Frigyes Karinthy : "Mon journal"
arabesque
Qu’as-tu produit aujourd’hui ?
Toujours rien ? Bref, tu t’es adonné à
l’oisiveté, pourtant tu ne l’ignores pas : nulla dies sine linea.
Si je n’ai pas écrit,
c’est peut-être justement parce que j’avais trop de choses
à écrire. J’étais trop plein, mon feu
intérieur me faisait cracher de lourdes masses d’une lave brûlante
et souillée – j’ai dû dépenser toute mon
énergie pour la retenir, qu’elle ne fasse pas éclater son
récipient, pour que ce qui n’est pour le moment qu’une
pensée ne devienne pas une action trop précipitée.
Mon
activité aujourd’hui a consisté à ne pas travailler.

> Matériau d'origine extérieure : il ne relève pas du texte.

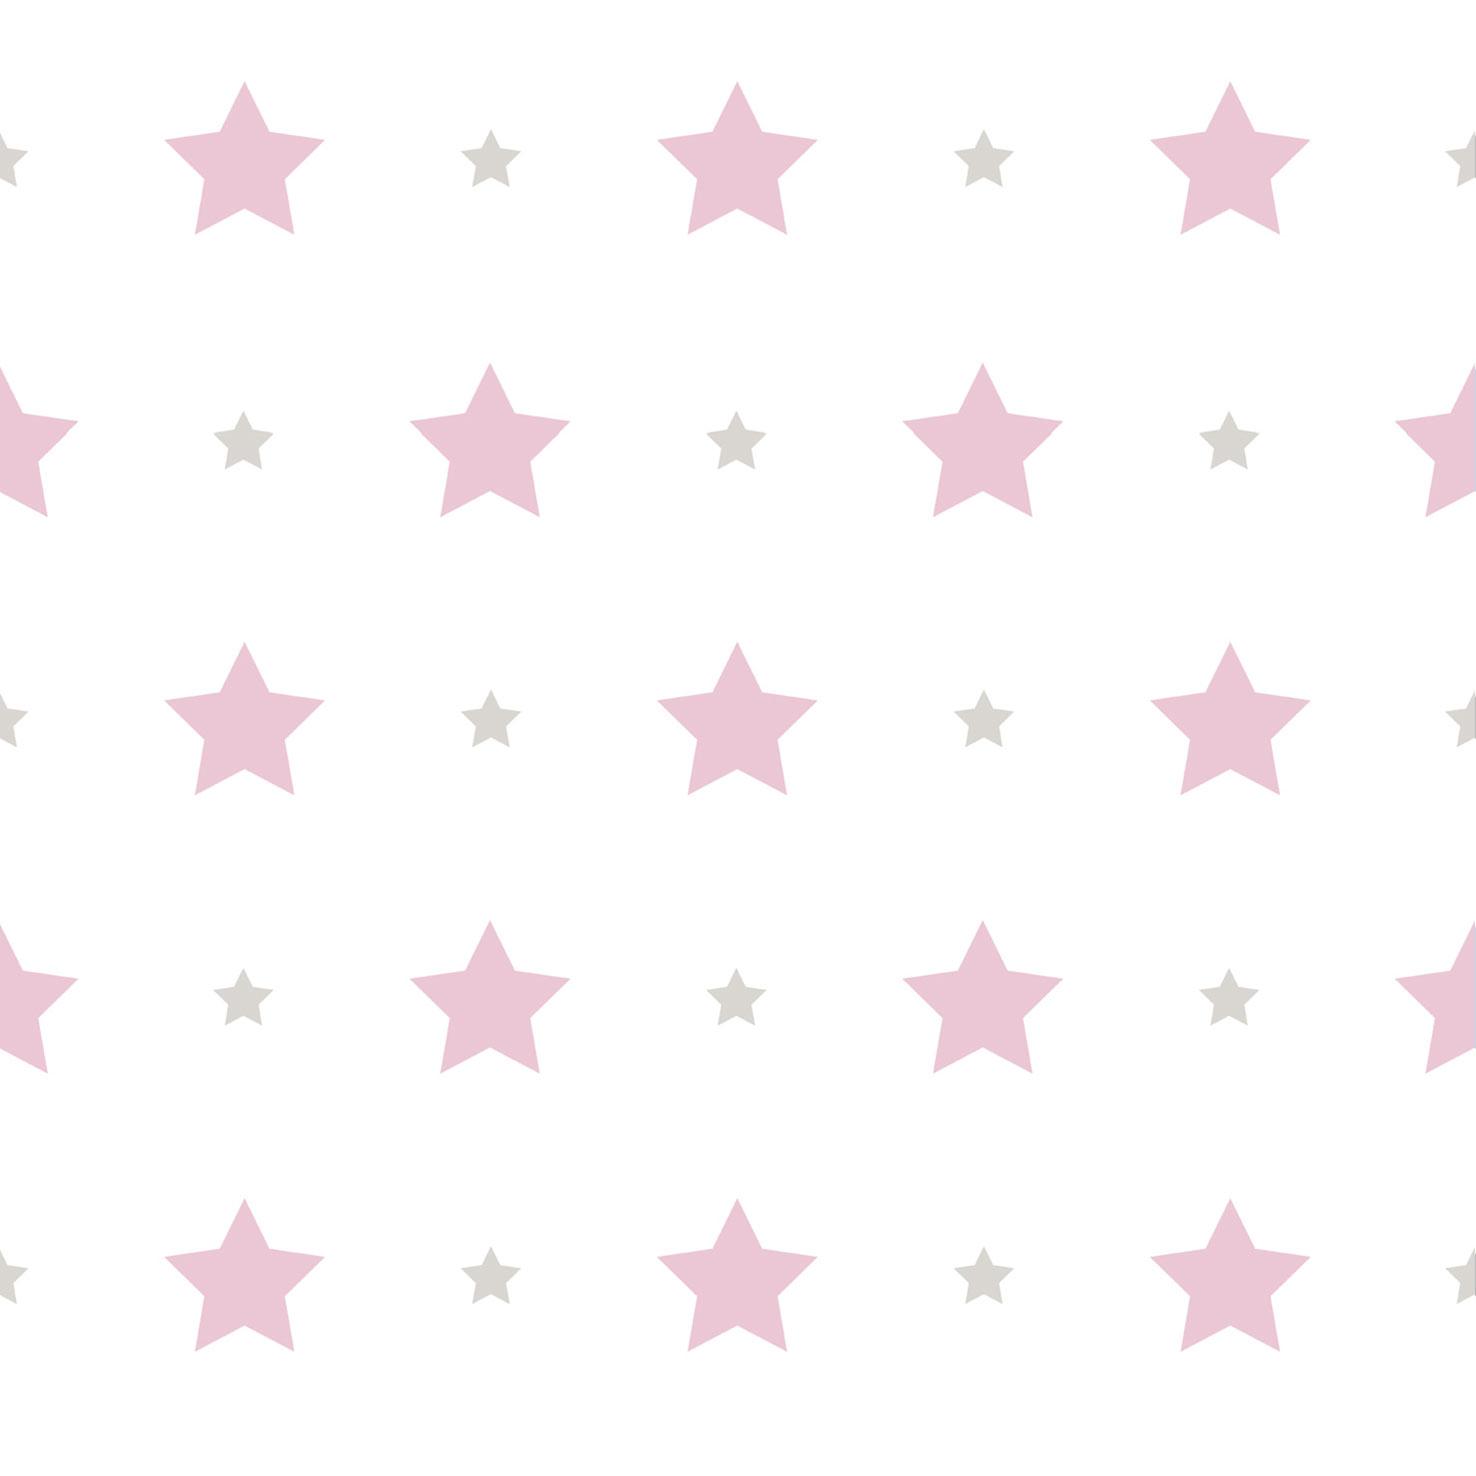 kindertapete stern sterne rasch textil wei pink 330136. Black Bedroom Furniture Sets. Home Design Ideas

Ça m’a fatigué davantage que si j’avais
travaillé.
À
Copenhague les défenseurs des animaux ont déposé une
requête en vue de la libération des fauves du zoo. Souhait
légitime. Priver des êtres vivants de leur liberté est
illégitime – mais pourquoi appellent-ils cela défense des animaux ? Il s’agit à mon sens
d’un peu plus que cela : c’est plutôt le parti des animaux, et cela
mériterait une requête pour la défense des humains :
qu’il soit permis aux hommes, le temps que les fauves gambaderont en
toute liberté dans la ville, de se réfugier dans les cages
abandonnées.
Au
demeurant un grand débat, au cours duquel il y a eu de nombreuses
interventions, s’est instauré au zoo dans cette affaire. Le lion
n’a exigé pour lui qu’une petite part insignifiante de ce
monde extérieur qu’ils devront se partager – juste la part
qui légitimement lui revient, puisqu’il ne voudra pas toucher
à ce qui appartient à autrui, il se contentera de la part du
lion. La girafe s’est levée et s’est contentée de
dire : Messieurs, je serai brève. Le chien a renoncé
à tout, il se contenterait d’une base piétiste :
savoir qu’en haut, au paradis, il sera écouté lui suffira.
En avant, mon cher, s’est écriée l’écrevisse
avec enthousiasme, pendant que l’hyène s’est lancée
dans une rhétorique contre le conservatisme. Le perroquet a
exprimé des réserves concernant le rôle du clergé et
a proposé l’espéranto comme langue officielle de la
communication entre les hommes et les animaux. Le crocodile a ri jaune et
l’ours s’est fermement élevé contre le charleston.
Bien
sûr, quelques désordres, quelques signes de dislocation –
pas étonnant que les penseurs se mettent à penser et les
critiques à sentir notre siècle comme critique. Spengler[1]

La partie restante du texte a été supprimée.